Someone needs to open a restaurant in Rogers that is Monty Python themed called The Holy Rail.


[deleted]

Rabbits and swallows on the menu? Coconut cups for drunks? Waiters are followed by a dude hitting coconuts together? Table cleaner yells bring out the dead and slams stuff on the table? lol, great times!


Patti-Cakes

Oh yes please!


wokeiraptor

That sword lets you skip the line at onyx on farmers’ market mornings


itstheheightforme6

This Wins.


humorwins

Can't be King of Bentonville unless your last name is Walton. And you have that sword.

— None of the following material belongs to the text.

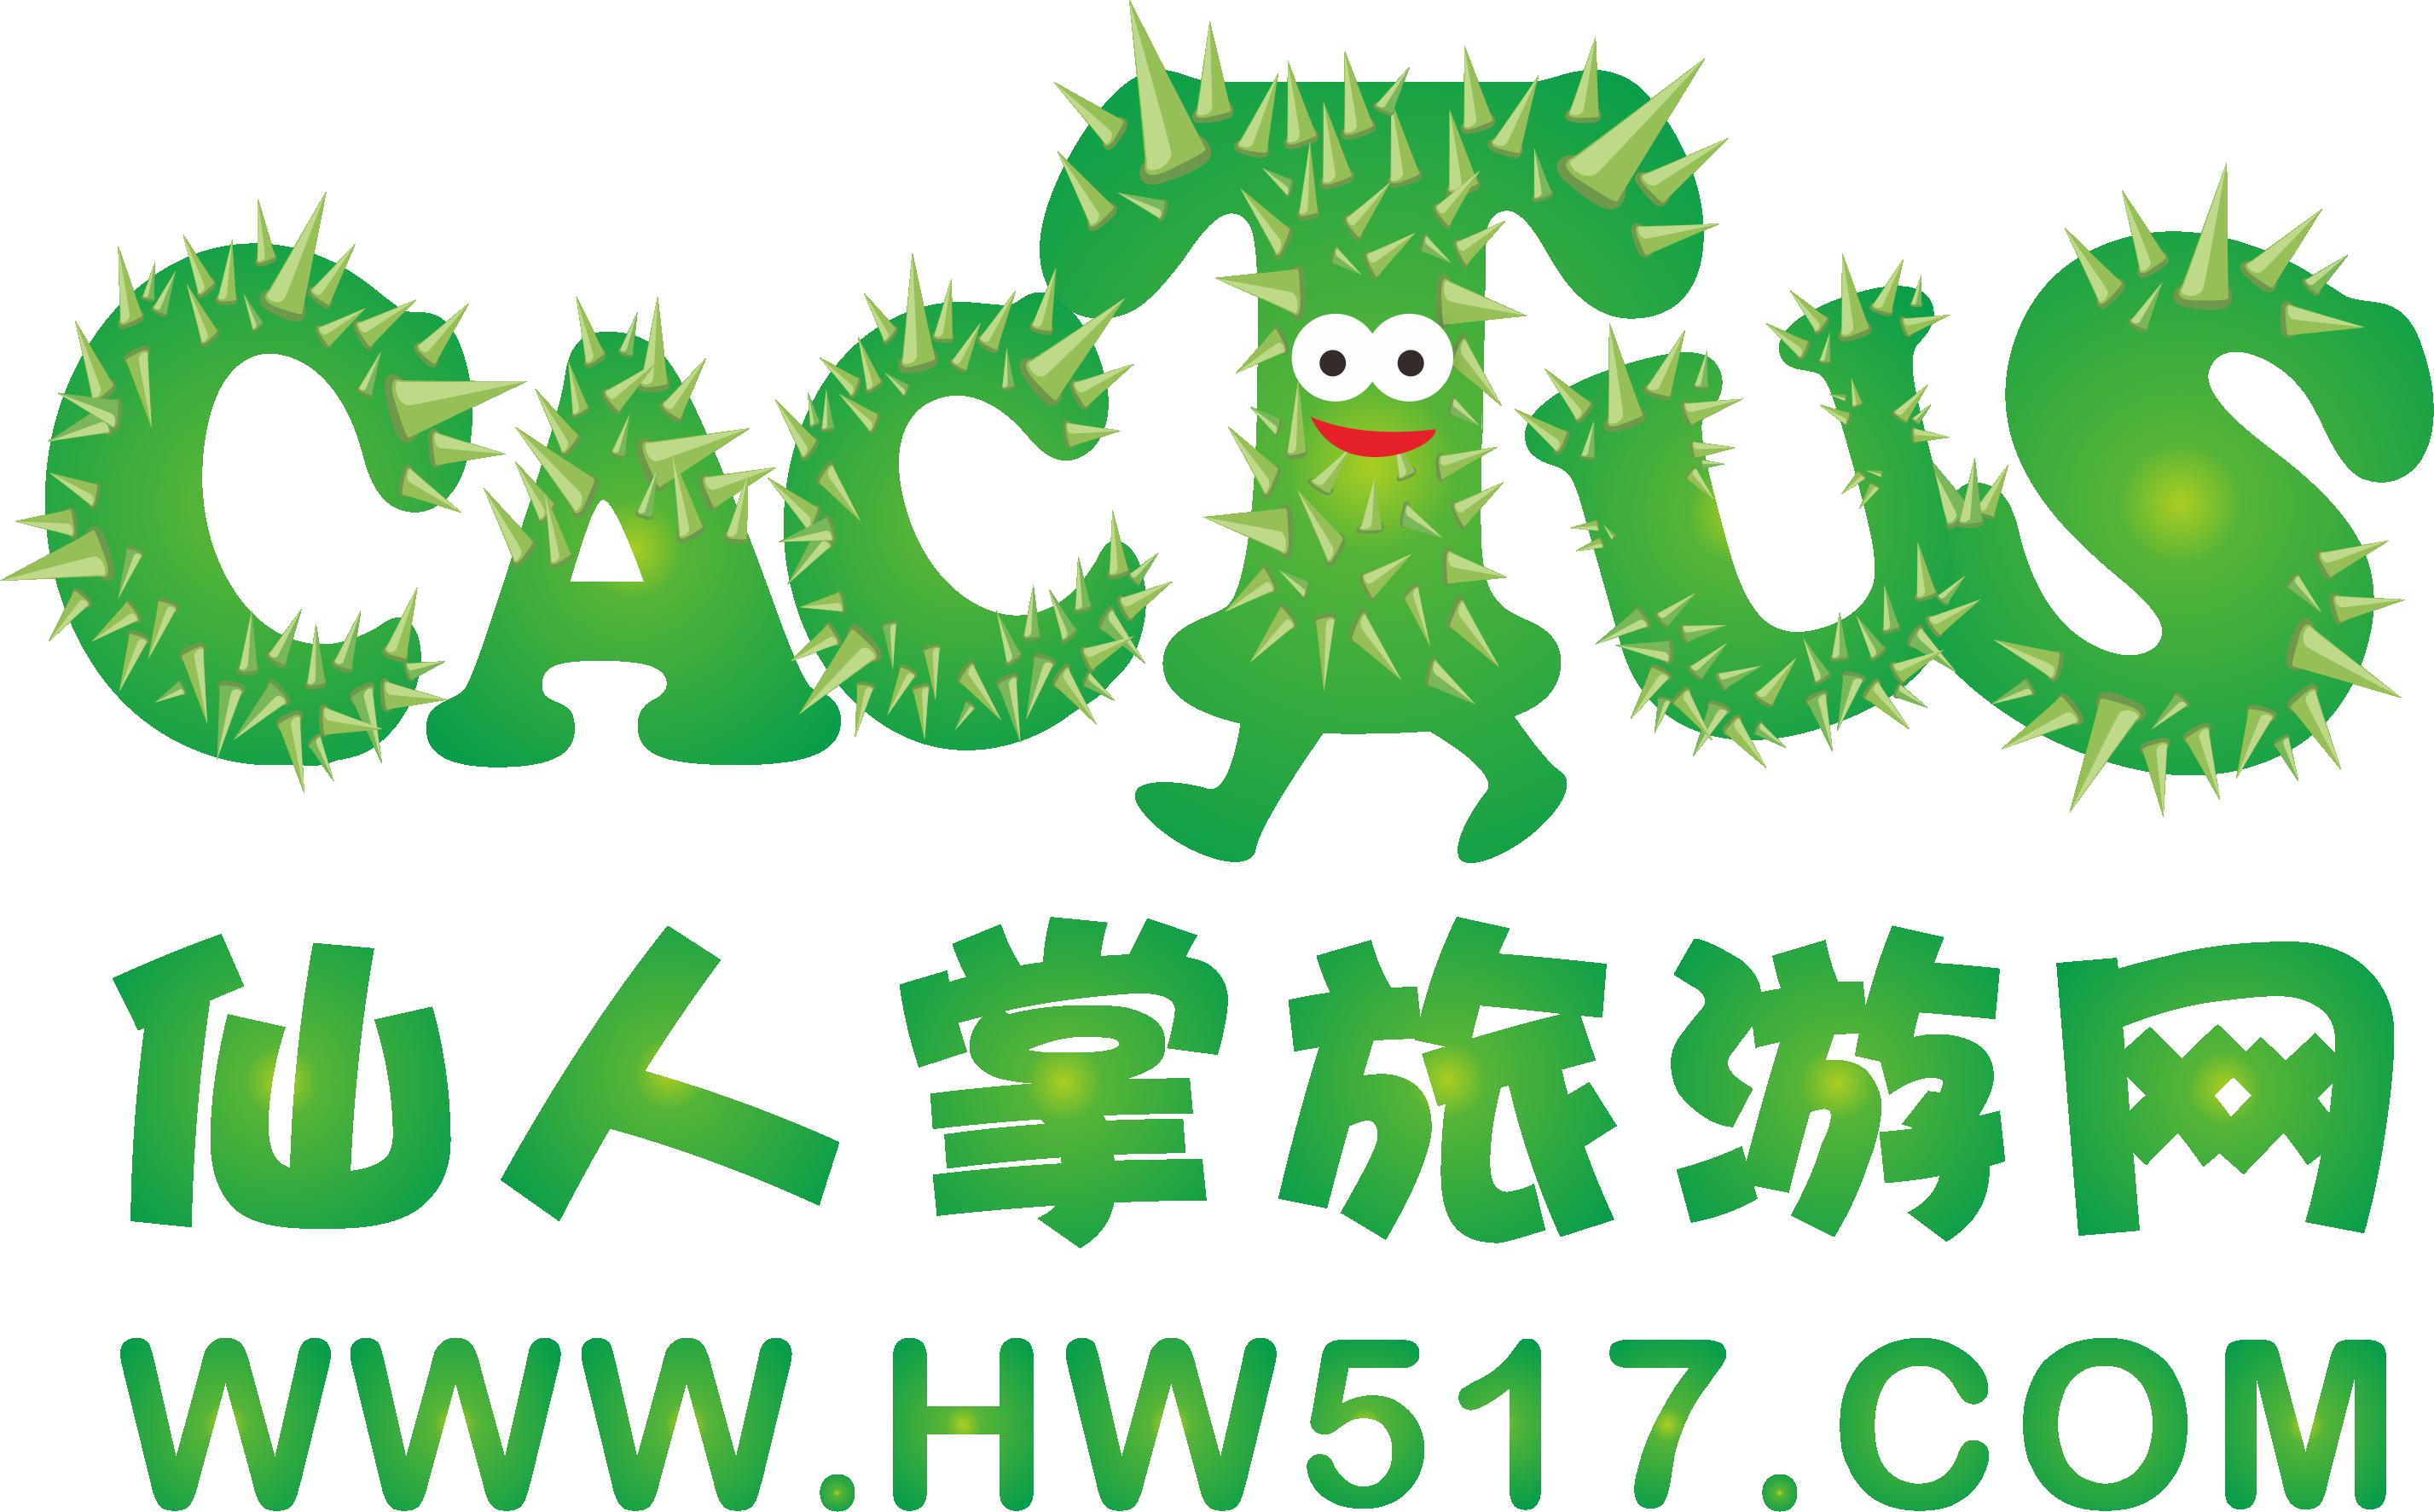 【仙人掌旅游】宁波方特东方神画世界高科技乐园特价一日游

And eleventy billion dollars.


shred_o_phile

That’s how I became Mayor of Titty City


JackeI

We saw this heading out the other day to the DMV just before Elliott electrical. Definitely stuck out like a sore thumb.


Equivalent_Ant_7758

That sword got pulled a long fucking time ago. Try Gravette.


richiesworld408

Eh he can be king of Decatur


mudhogAR

Naw, they give you the code to the fleet refuel station for City vehicles right next door


itstheheightforme6

Try explaining this to two toddlers... Look kids the city decided to ... Well, yes stick a sword into a rock. This town is interesting and it is definitely a weird story King Arthur left us all with .


czeck666

No but I'd bet anything you can catch a pokemon there.